A stone is thrown vertically upwards with a velocity of 19.6 m/s.After 2 sec,another stone is thrown upwards with a velocity of 9.8 m/s.When and where will these stones collide?
Answers
Answer:
firstly we will calculate the distance travelled by the first stone which thrown with velocity 19.6 in 2 second (In 2 second this stone will come to a state of momentarily rest) and it comes out to be 19.6 meter . after the ball comes to a state of momentarily rest then second ball is thrown which comes to rest after 1 second and has travelled a distance of 4.9 meter in that 1 second first ball has also travelled a distance of 4.9 meter and has gained a velocity of 9.8 m\s (s=ut+0.5gt^2 where u is 0 as it is the velocity when ball is at momentarily rest ,t is time =1 second)the distance between two balls comes out to be 9.8 and the two balls has travelled for 3 second considering that at this point observer has started measuring the time we can calculate the fraction of time required for collision assuming that ball collide at X distance above ground and at time T we can calculate the velocity of stones at that point by using two equations for each stone that is V^2=U^2+2gs ( for first stone U^2=9.8^2 ,s=14.7-X and for second stone U^2=0,s=4.8-X) and V=U+gt(for first U=9.8 ,t=t and for second U=0,t=t)

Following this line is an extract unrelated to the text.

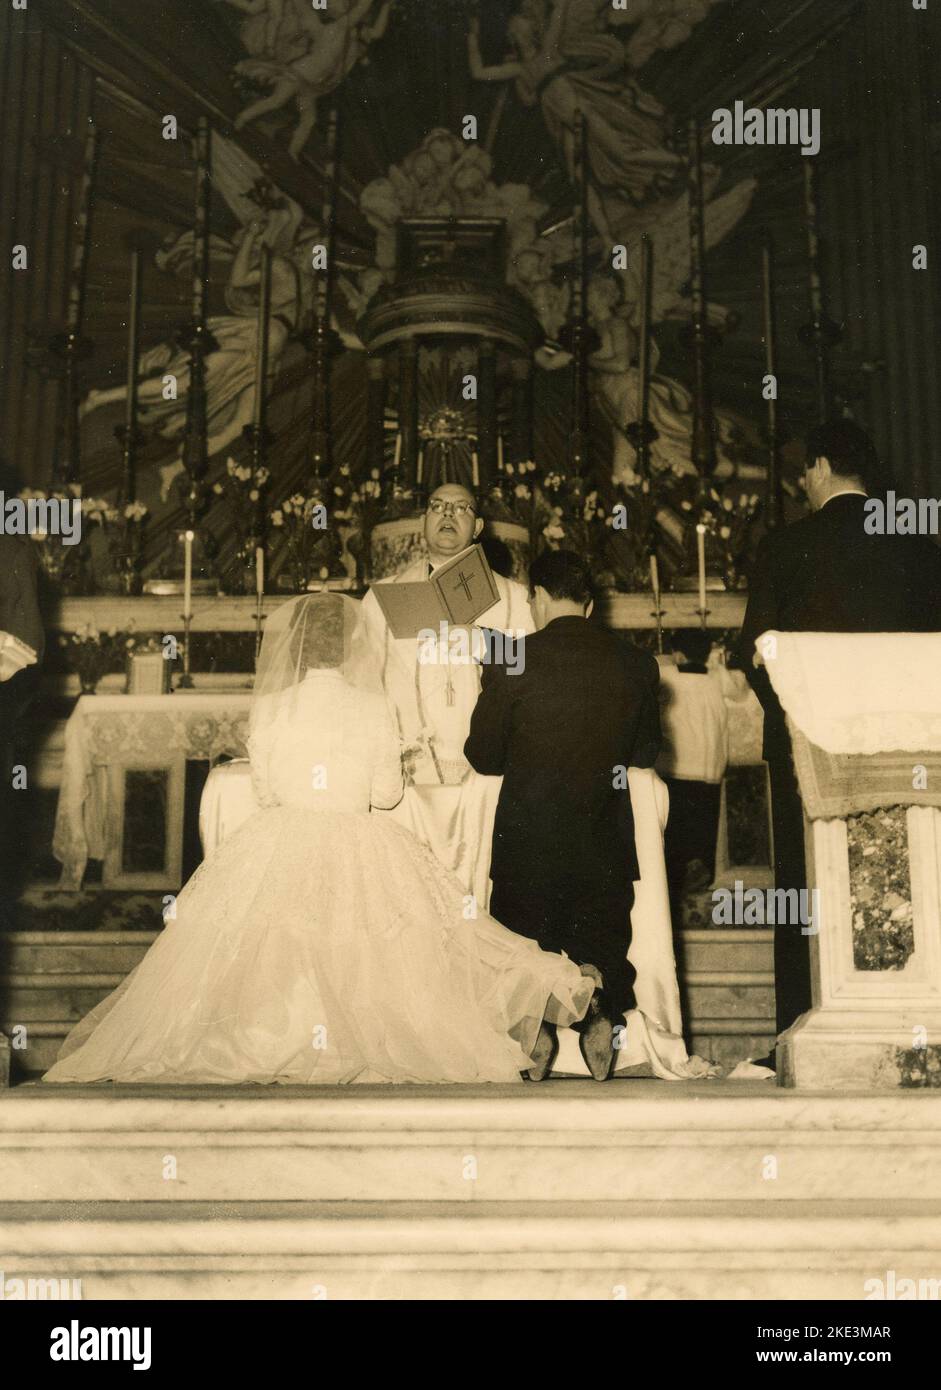 Wedding in a village in central Italy: The Bride and the Groom in the church in front of the priest, 1950s Stock Photo

solving the above we will end up with 4 equation 2 for stone first and 2 for stone second putting the 2 equations of 1st stone as equal to each other as both will give velocity of first stone at the point where the two stone will collide and 2 equations of second stone as equal to each other as both will give velocity of second stone at the point where two stone will collide after putting the equations equal we are left with 2 equations and by solving it simultaneously we can evaluate the value of t whisch comes out to be 1 thiu total time taken is T = 2+1+1=4
You can also use the concept of relative velocity which will make the solution short and you will avoid some of the calculations.
Thank you❤❤❤